*Recorded data*
= Beginning of Section =

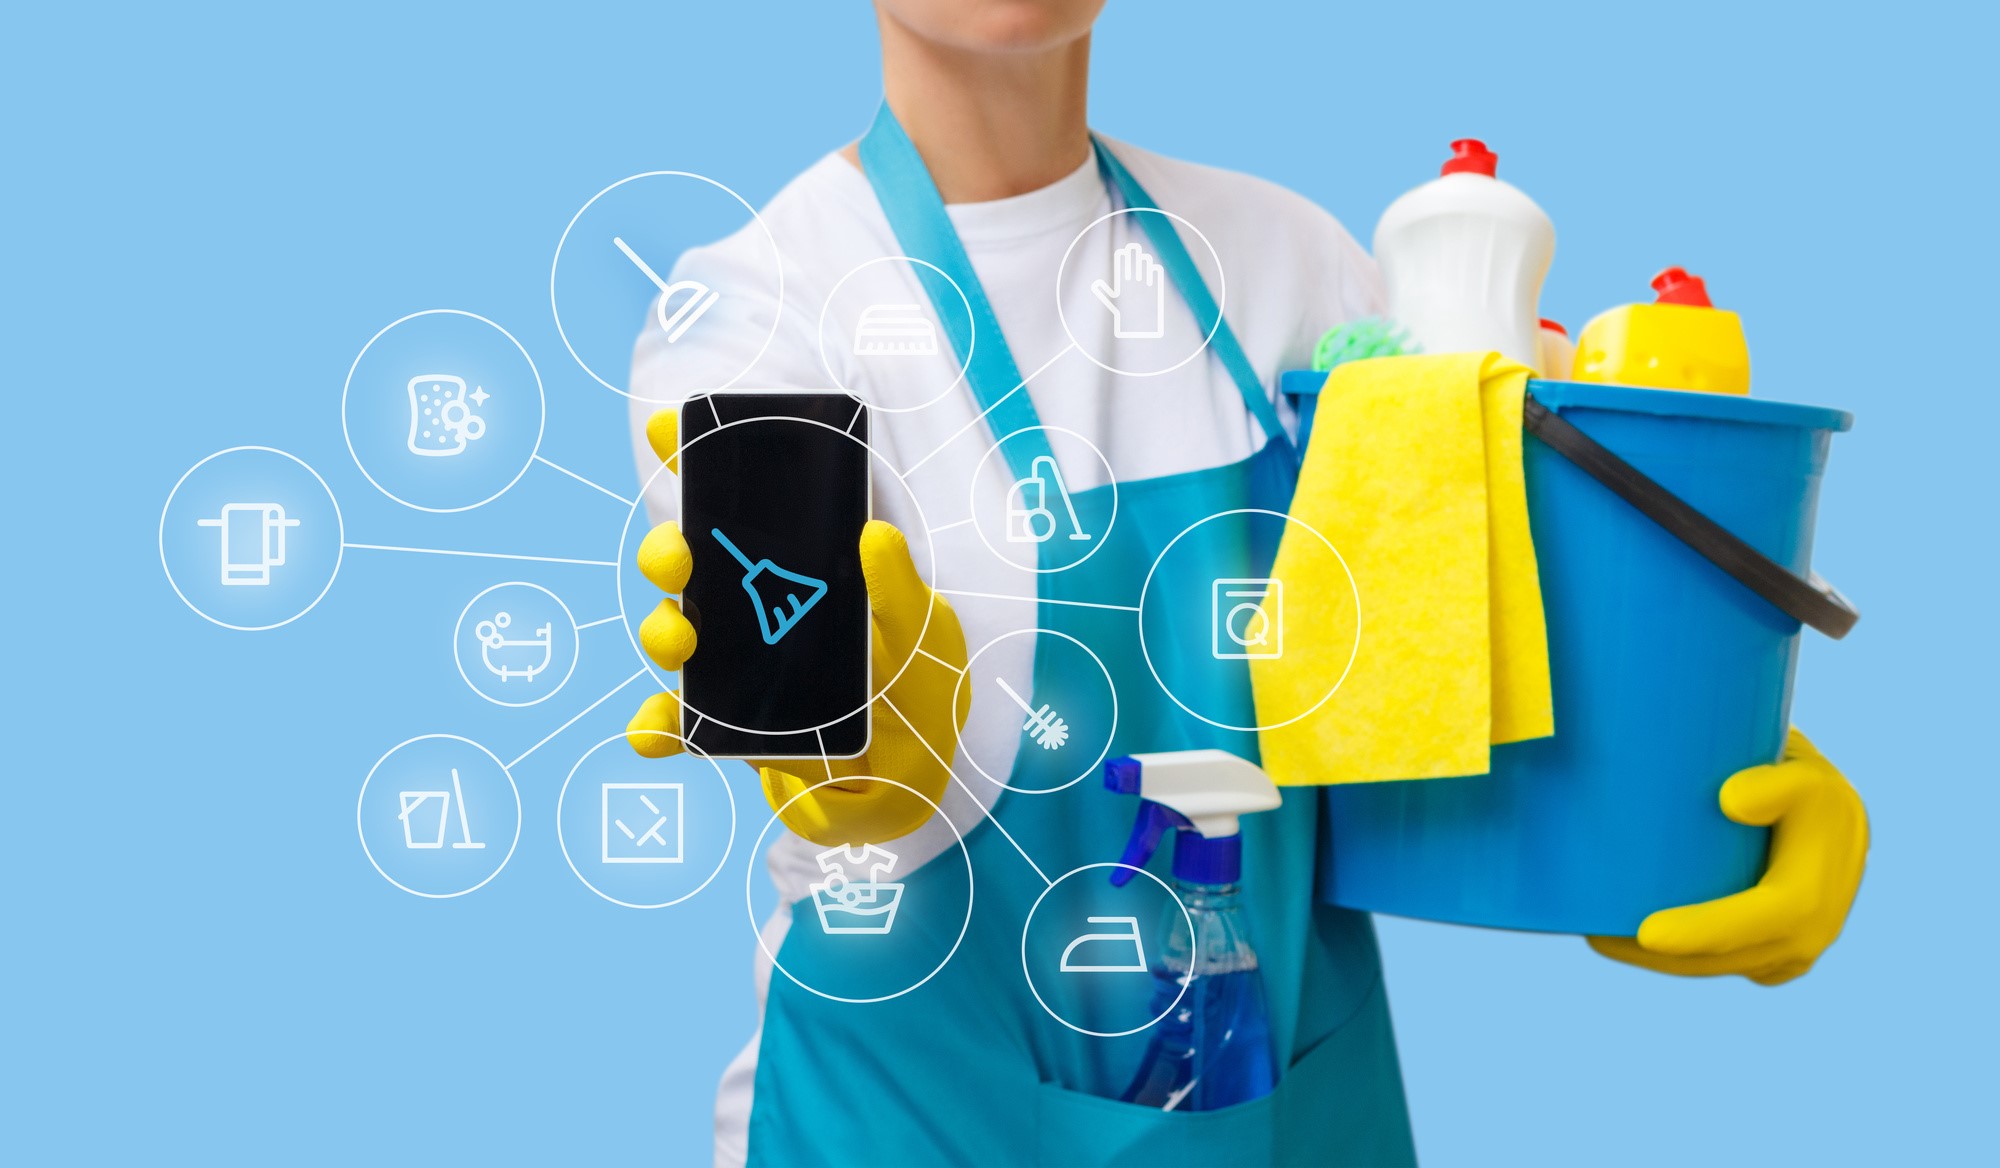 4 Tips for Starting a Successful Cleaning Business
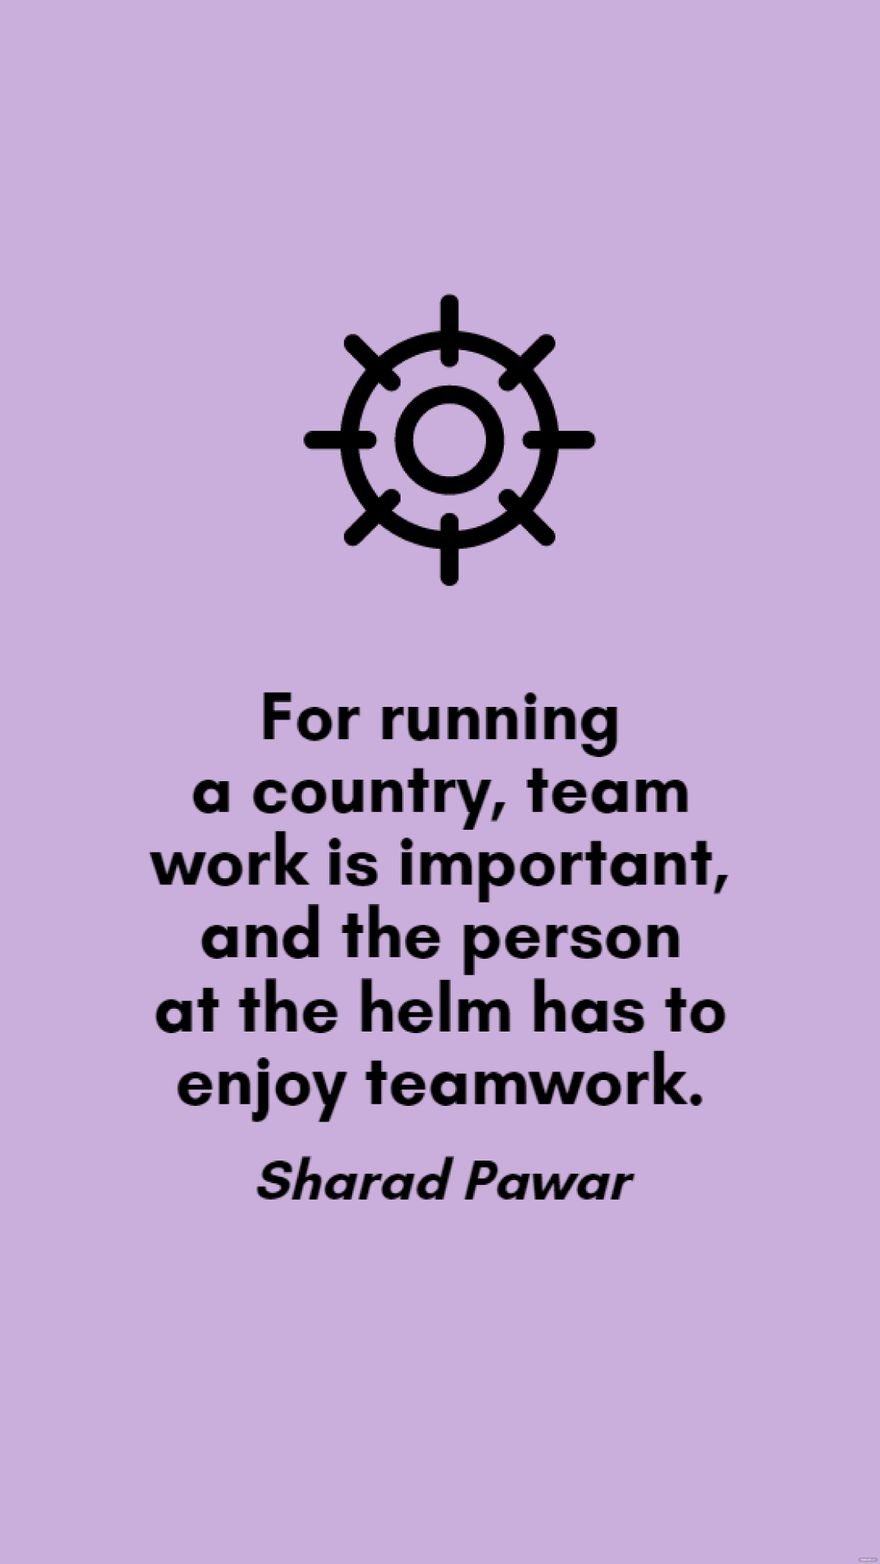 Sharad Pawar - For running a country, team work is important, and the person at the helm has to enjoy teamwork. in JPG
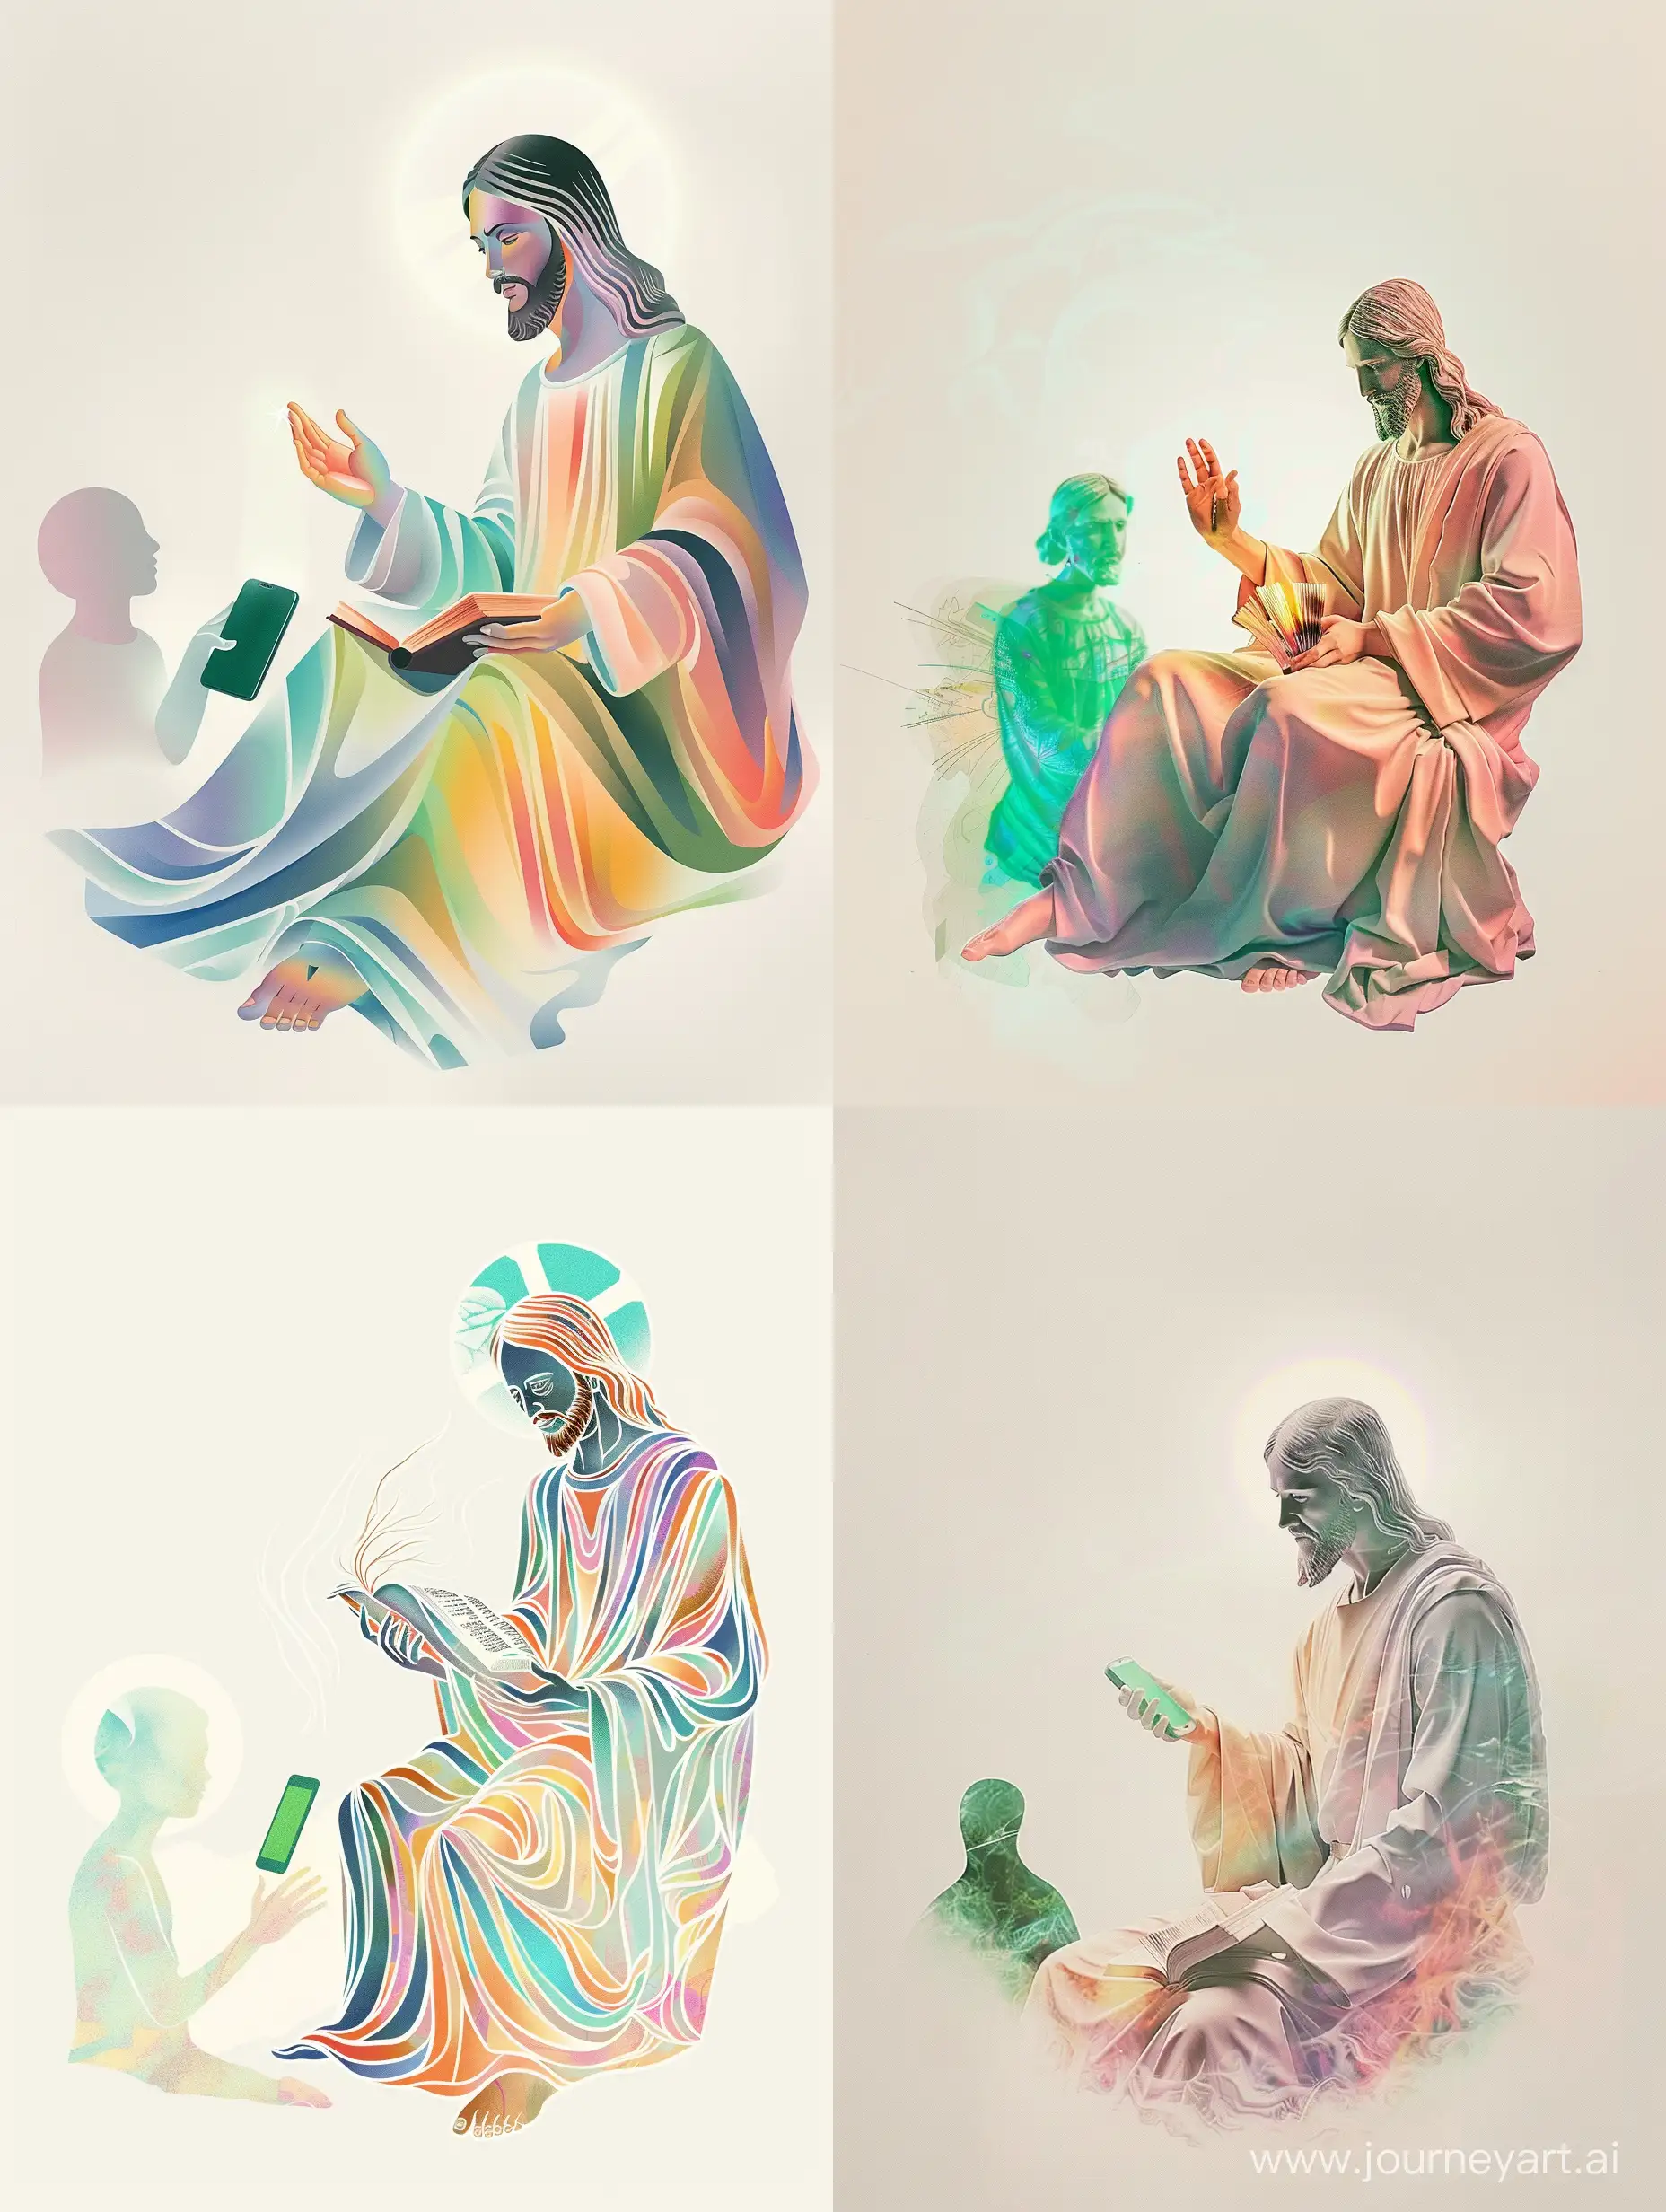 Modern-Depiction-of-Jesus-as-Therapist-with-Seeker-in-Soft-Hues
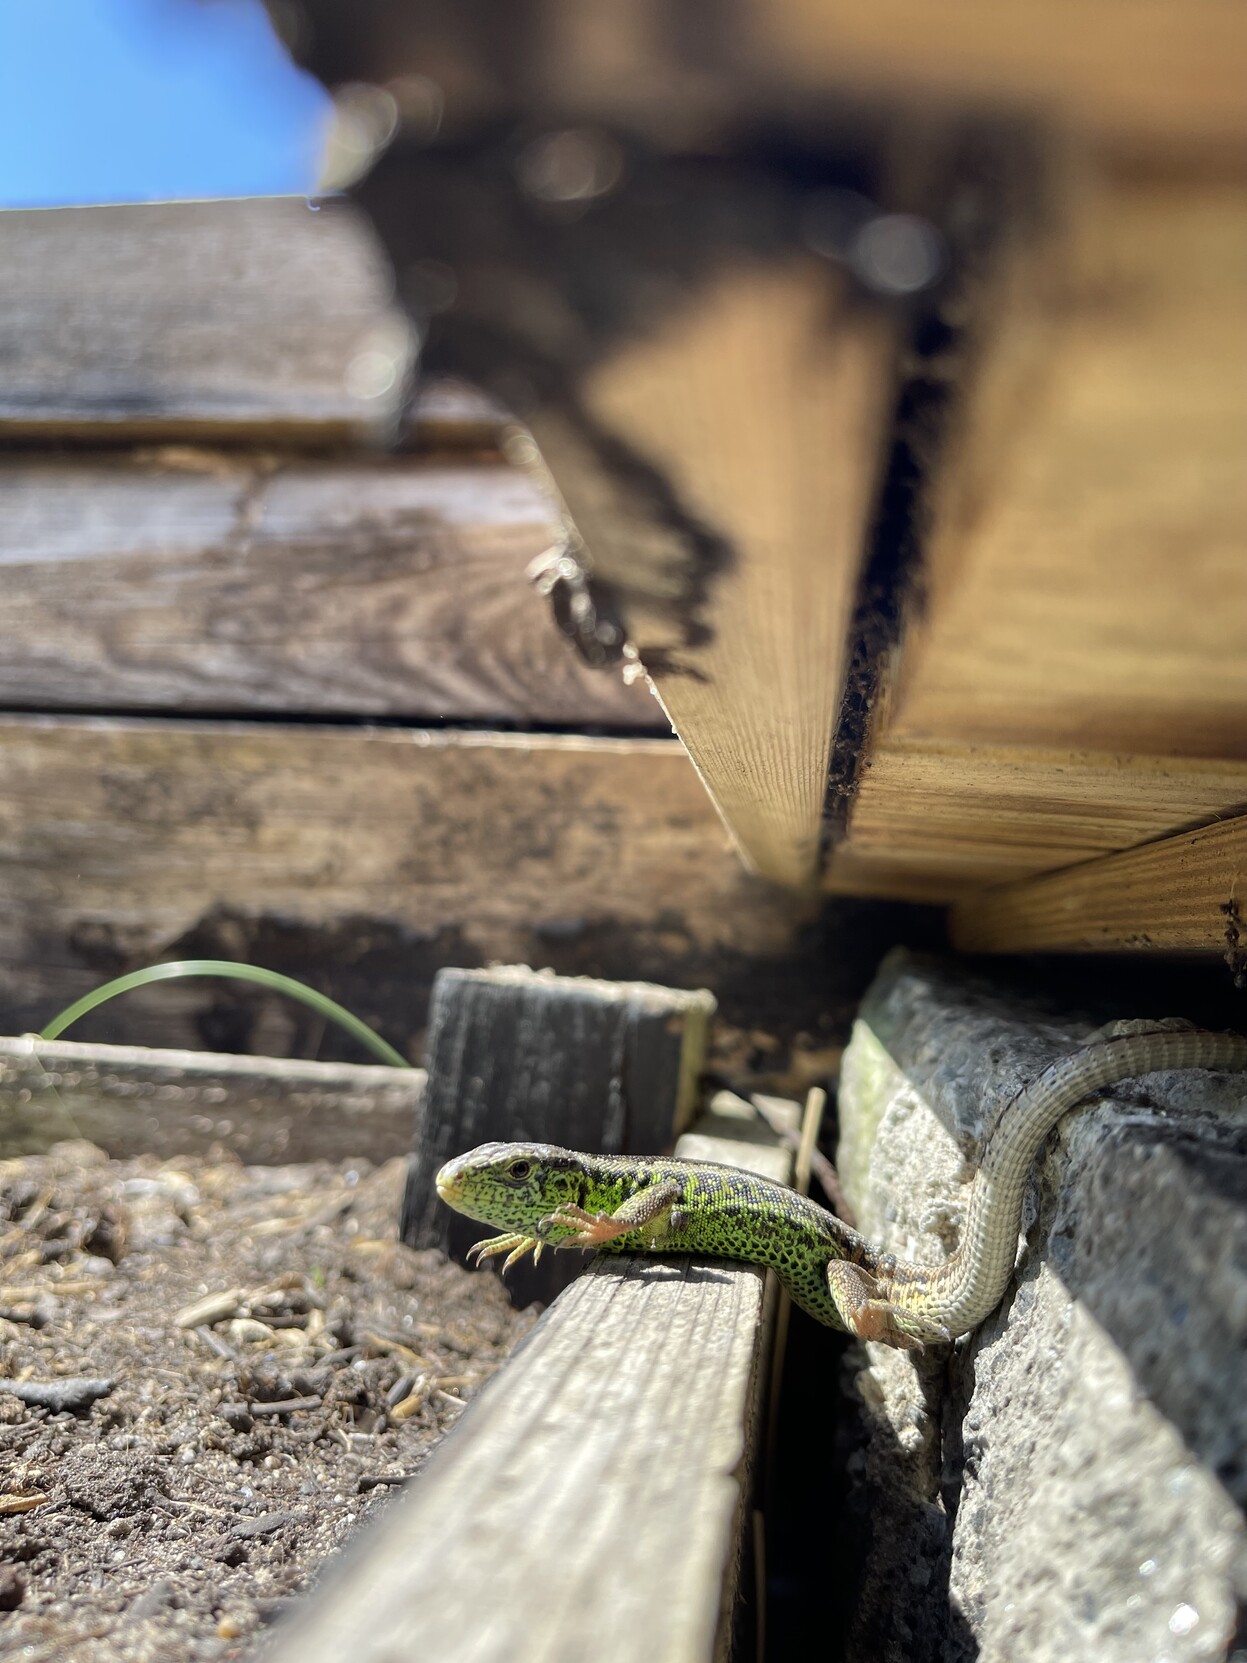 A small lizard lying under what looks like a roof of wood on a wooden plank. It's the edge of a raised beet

= End of Section =

*Exercise aim*
The line containing "Modern-Depiction-of-Jesus-as-Therapist-with-Seeker-in-Soft-Hues" and every line after it, through the end of the data, are to be output exactly. Omit the pictures.

*Answer space*
 Modern-Depiction-of-Jesus-as-Therapist-with-Seeker-in-Soft-Hues
 A small lizard lying under what looks like a roof of wood on a wooden plank. It's the edge of a raised beet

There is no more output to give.